PwC poll reveals 70% of UK asset managers fear market access loss

Deep concern about Brexit’s effect on investment firms’ ‘passporting’ privileges

Some 85 per cent of PwC’s respondents said they believed it would be necessary to relocate some UK-based investment staff to mainland Europe as a result of Brexit. Photograph: Thierry Roge/Reuters
Some 85 per cent of PwC’s respondents said they believed it would be necessary to relocate some UK-based investment staff to mainland Europe as a result of Brexit. Photograph: Thierry Roge/Reuters

More than two-thirds of investment professionals believe UK asset managers will not be able to sell their funds freely across the EU following Britain's departure from the economic bloc, according to a poll conducted exclusively for FTfm by PwC.

The professional services provider polled 644 professionals from 400 asset management companies at a conference in London last month. It found widespread concern about the impact of Brexit on UK-based investment companies, which manage £7 trillion of assets collectively and employ about 50,000 people.

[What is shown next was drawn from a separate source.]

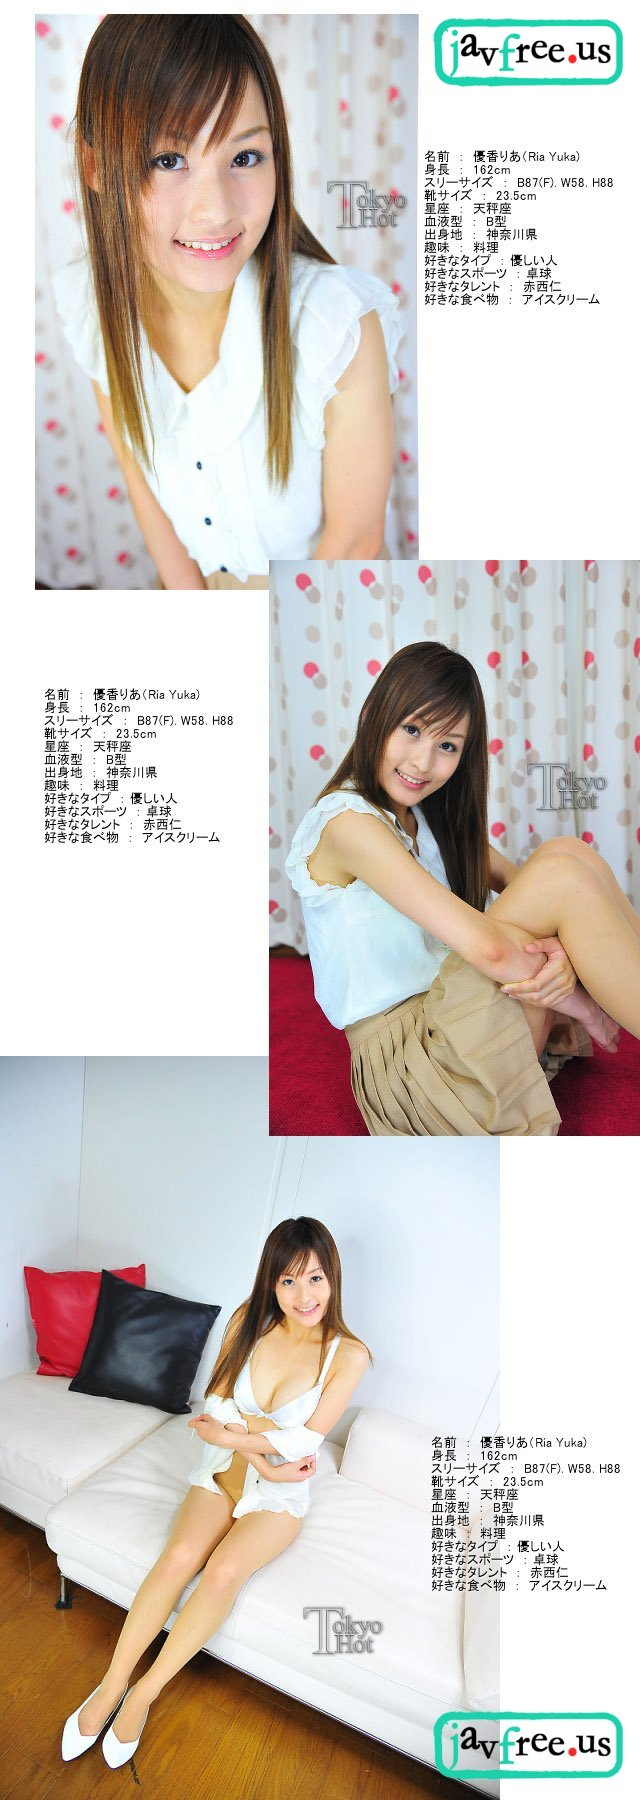 Tokyo Hot n0669 : Pussy Receptionist   Ria Yuka 優香りあ Tokyo Hot Ria Yuka
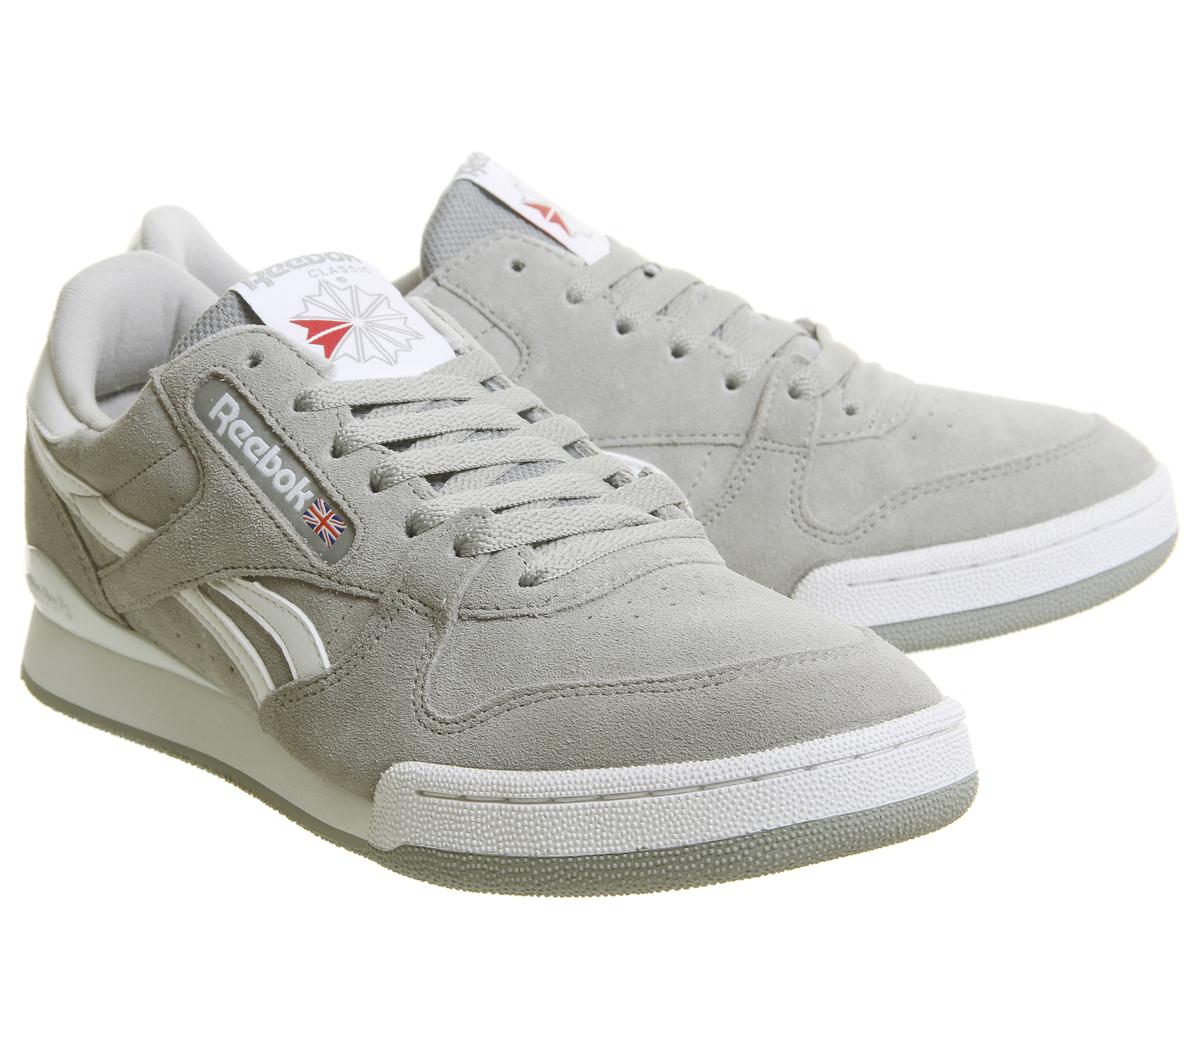 Reebok Shoes Tin 1 Phase White Ebay Trainers Grey Pro HwHFrC1q

Asset managers are unlikely to retain full “passporting” privileges that allow UK financial institutions to access the EU single market without restrictions, according to 70 per cent of the respondents.

Most UK asset managers have bases in Luxembourg or Dublin to sell mutual funds to mainland European investors, and will, in theory, still be able to sell these funds, known as Ucits, to EU-based clients after Brexit.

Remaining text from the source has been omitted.